Alle übrigen Details – die herrliche Adler-Kühlerfigur, die Kühlermaske, die Scheinwerfer und Stoßstangen – waren ansonsten bei beiden Typen identisch. So recht verständlich ist das nicht, denn auch im Rahmen eines Baukastenprogramms wäre es leicht gewesen, die teuren Sechszylinder von den Vierzylindern optisch abzugrenzen.

Auf diese Idee kam Adler erst Anfang der 1930er Jahre, als die prestigeträchtige Zylinderzahl mit einer „6“ auf der Verbindungsstange zwischen den Scheinwerfern hervorgehoben wurde. Beim Favorit wurde auf diese Angabe dagegen verzichtet.

Werfen wir noch einen Blick auf die Seitenpartie des Adler Standard 6 Tourers:

Adler_Standard_6_Tourenwagen_Seitenpartie Interessant ist hier vor allem, dass beide Türen vorne angeschlagen sind, also keine „Selbstmördertüren“ sind, wie sie teilweise noch bis in die 1950er Jahre verbaut wurden.

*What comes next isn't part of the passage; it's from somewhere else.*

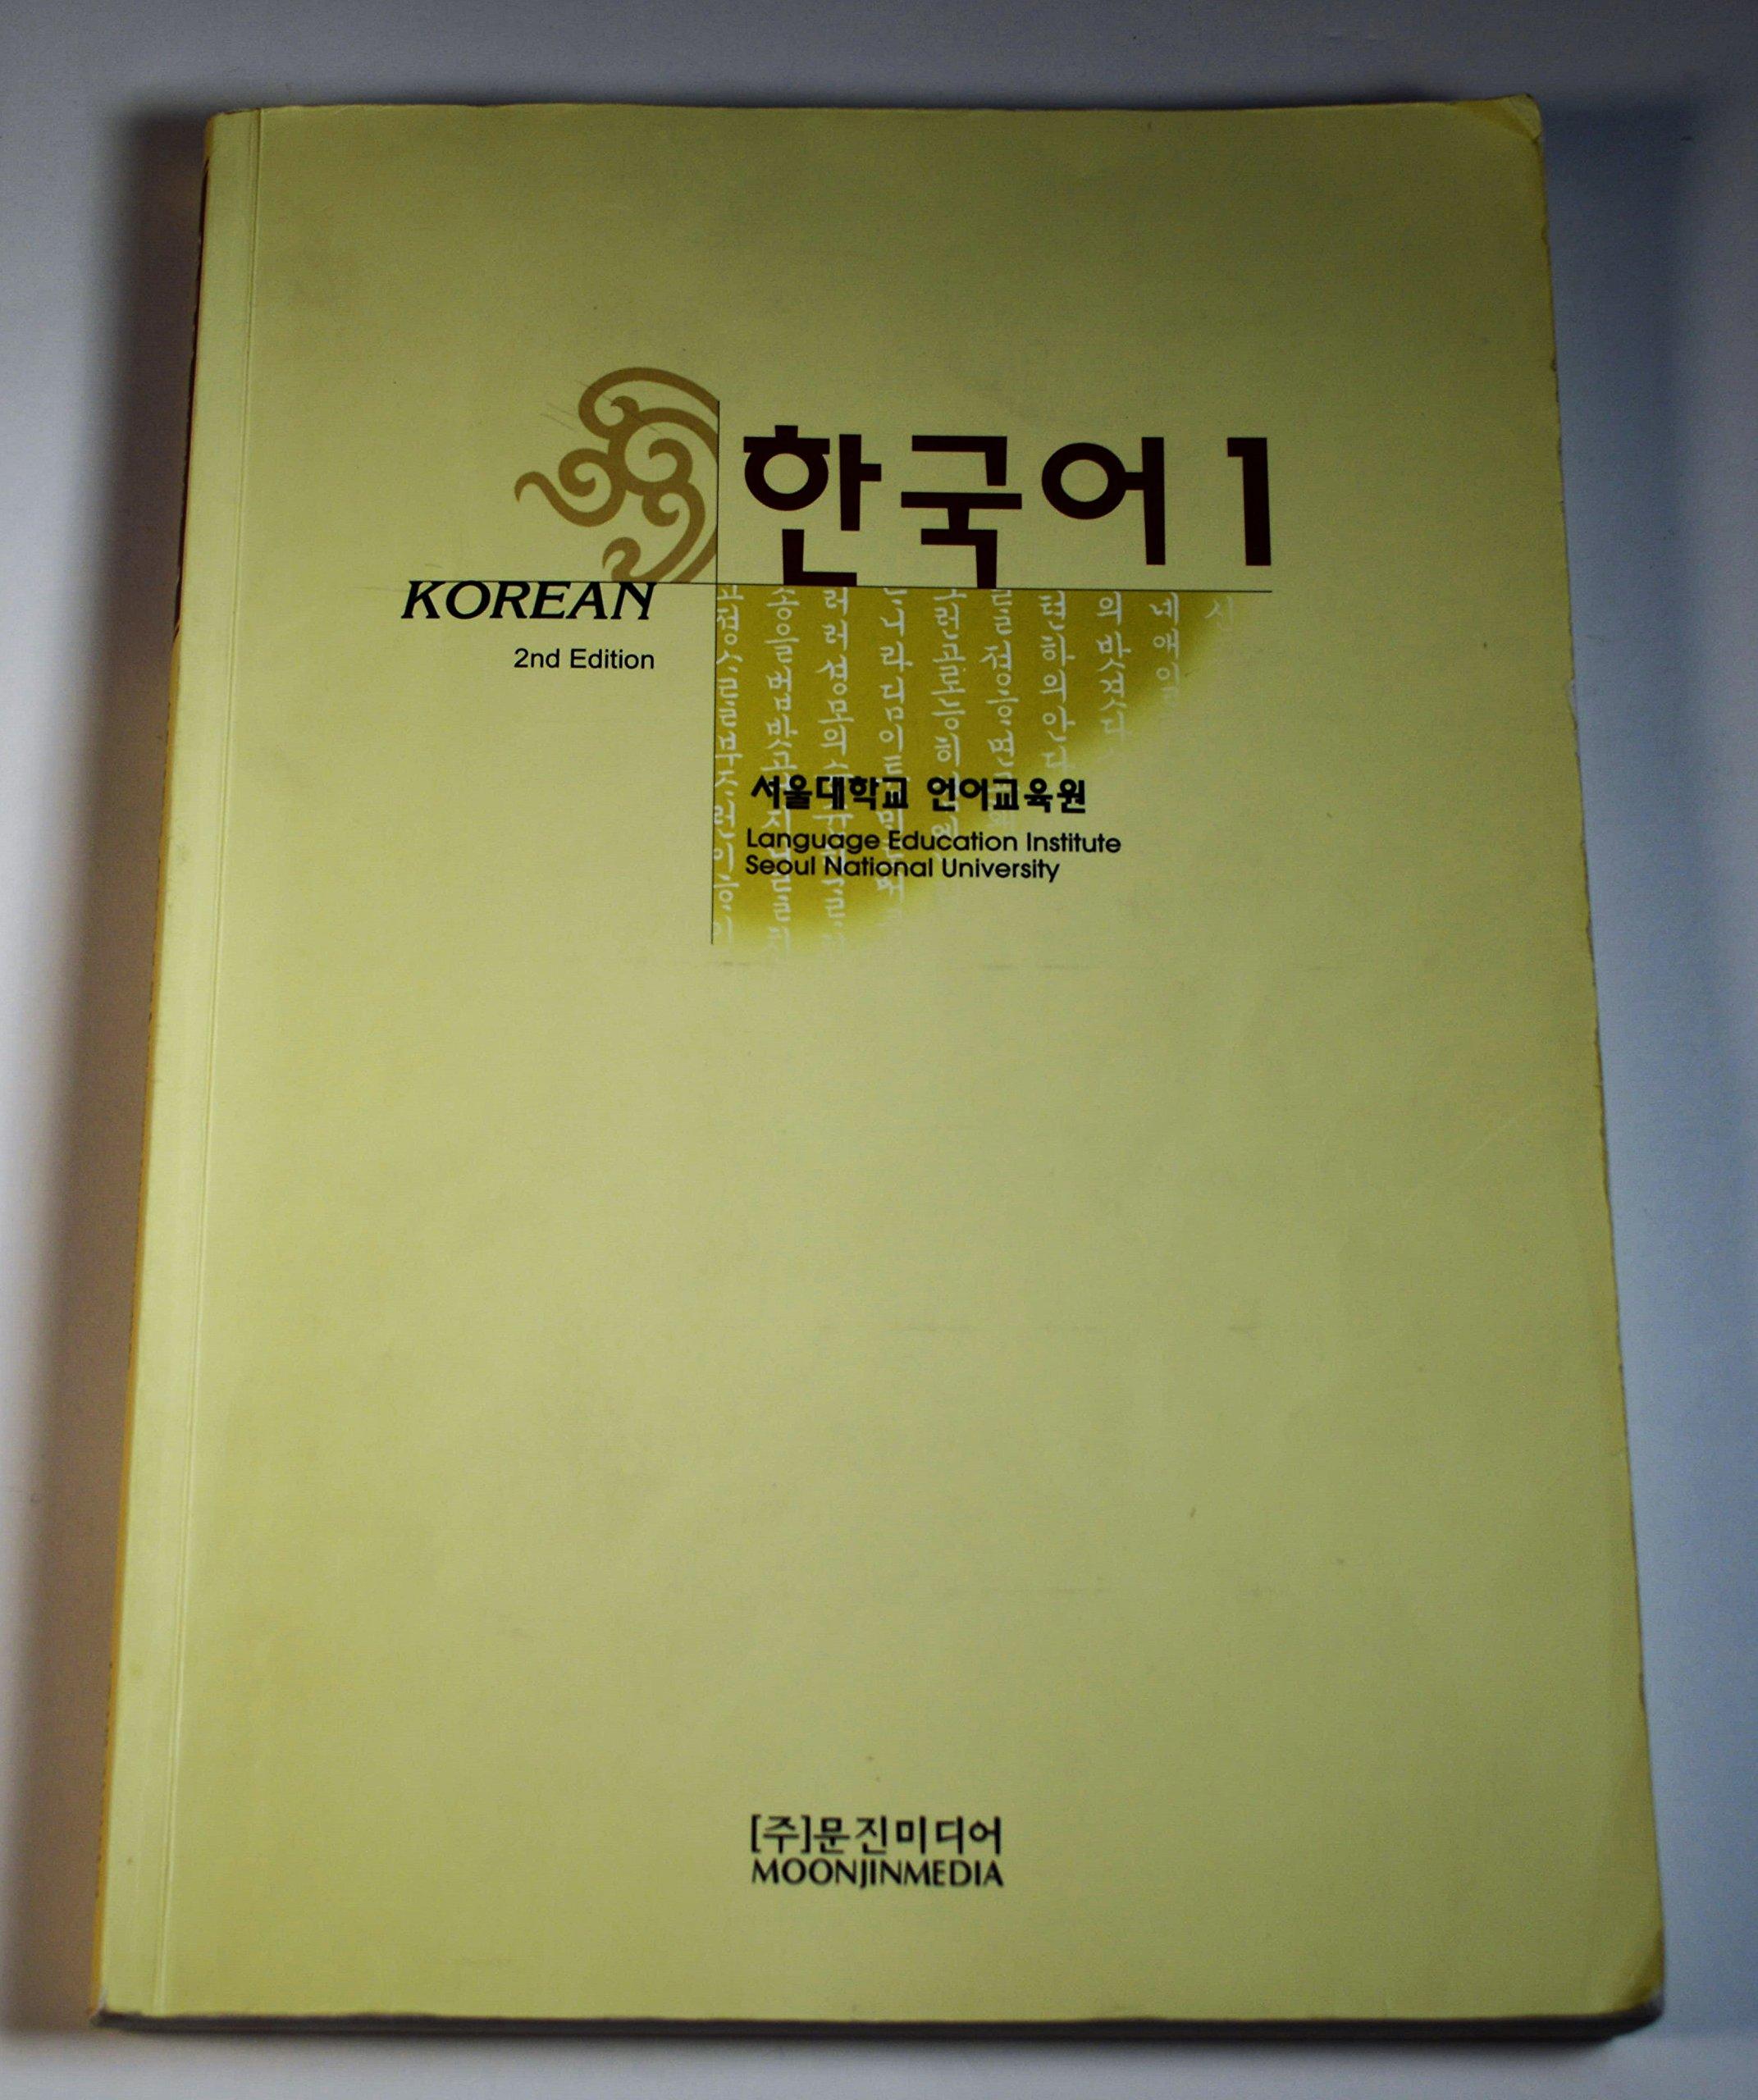 KOREAN TEXTBOOK EBOOK

Im Fall der hinteren Tür kann man sich allerdings vorstellen, dass eine hinten angeschlagene Ausführung den Einstieg erleichtert hätte, da das Schutzblech weit nach vorne ragt. Das Bild eines Adler Standard 6 Tourenwagens der Vorserie in Werner Oswalds Standardwerk „Adler-Automobile 1900-1945“ zeigt solch eine Lösung.

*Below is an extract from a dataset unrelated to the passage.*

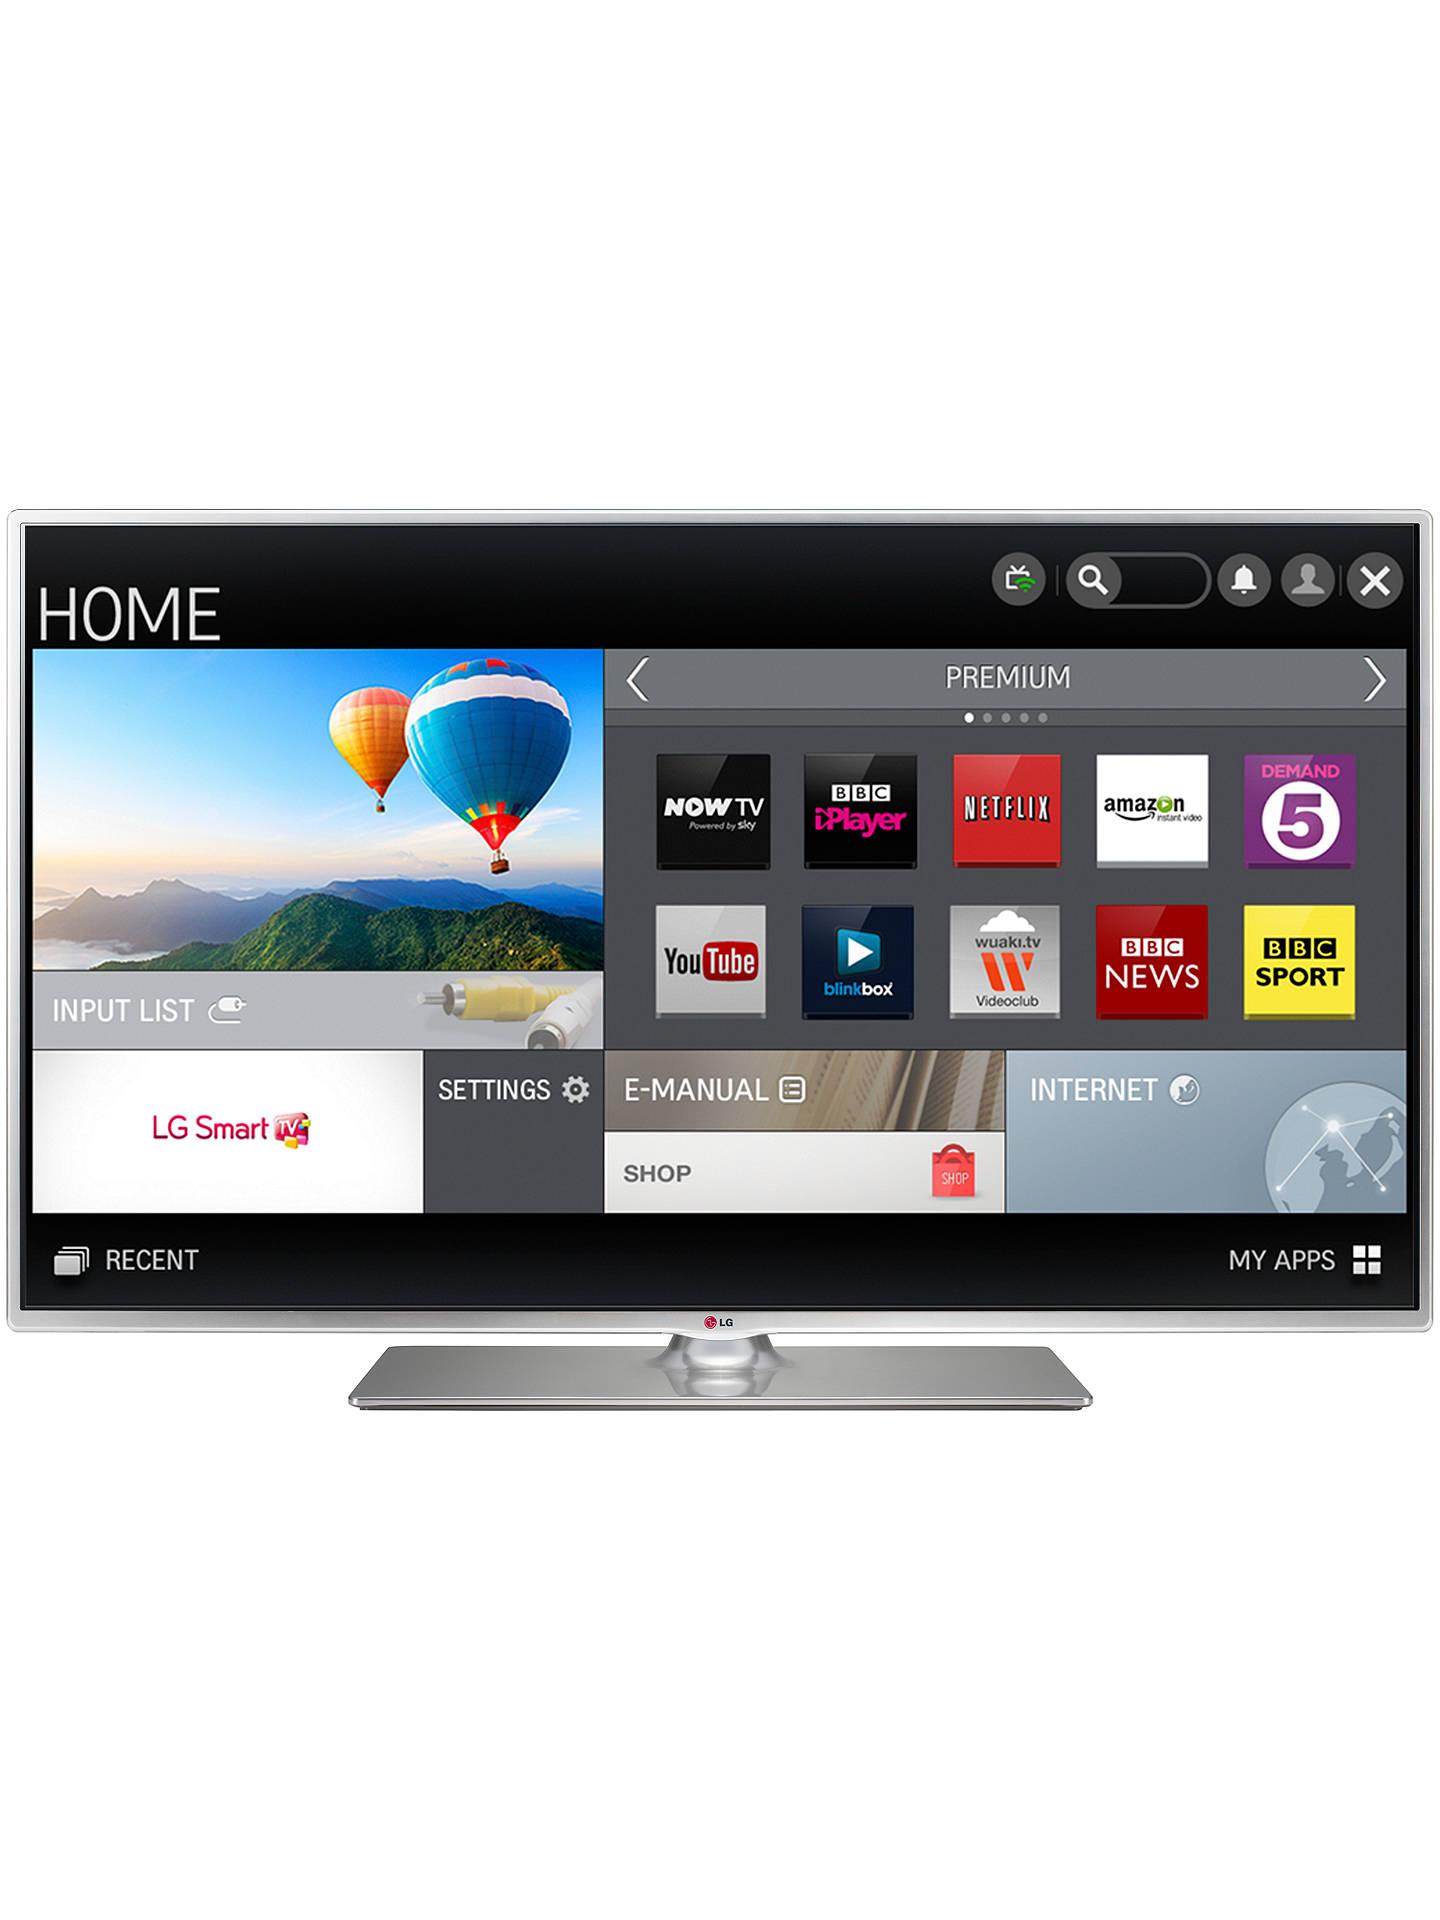 LG Smart TV | UHD 4K 43 inch TV | LG Australia

Typisch für die Zeit ist die Montage des Reservekanisters auf dem Trittbrett. Vielleicht kennt ein Leser die Beweggründe für die eigentümliche Dreiecksform, die sehr verbreitet war.

Schön zu sehen ist der geringe Platzbedarf des Verdecks. Im Unterschied zu den gefütterten Verdecks von Cabriolets verfügten Tourenwagen nur über eine einfache Plane, die lediglich begrenzten Wetterschutz bot.

Verwiesen sei nicht zuletzt auf den Fahrtrichtungsanzeiger am Frontscheibenrahmen und den Suchscheinwerfer mit Rückspiegel auf der Fahrerseite. Übrigens war das Lenkrad im Unterschied zum Vorgängermodell Adler 6/25 PS auf die linke Seite gewandert

Auch in solchen Details offenbart sich die moderne Konzeption des Adler Standard 6. Die eigentlichen Innovationen waren freilich von außen kaum sichtbar: hydraulische Bremsen und – bei der Limousine – eine Ganzstahlkarosserie ohne Holzgerüst.

Beides war allerdings kein Verdienst der Adlerwerke – man schaffte damit lediglich den Anschluss an die damals technisch wie formal führende amerikanische Autoindustrie.

Über Aufnahmeort und -zeitpunkt wissen wir nichts Genaues. Das Kürzel „IC“ verweist lediglich auf eine Zulassung in Ostpreussen. Der erkennbar gebrauchte Zustand des Wagens (linker Vorderkotflügel) lässt auf eine Entstehung des Fotos um 1930 schließen.

Adler „Primus“ von 1932: Zivilwagen im 2. Weltkrieg

Anfang der 1930er Jahre zählte zu den soliden und für damalige Verhältnisse ordentlich motorisierten deutschen PKW der Mittelklasse der Adler Primus. Mit seinem 32 PS starken 1,5 Liter-Vierzylinder war er dem Hanomag Rekord vergleichbar und den populären Zweitaktmodellen von DKW in jeder Hinsicht überlegen.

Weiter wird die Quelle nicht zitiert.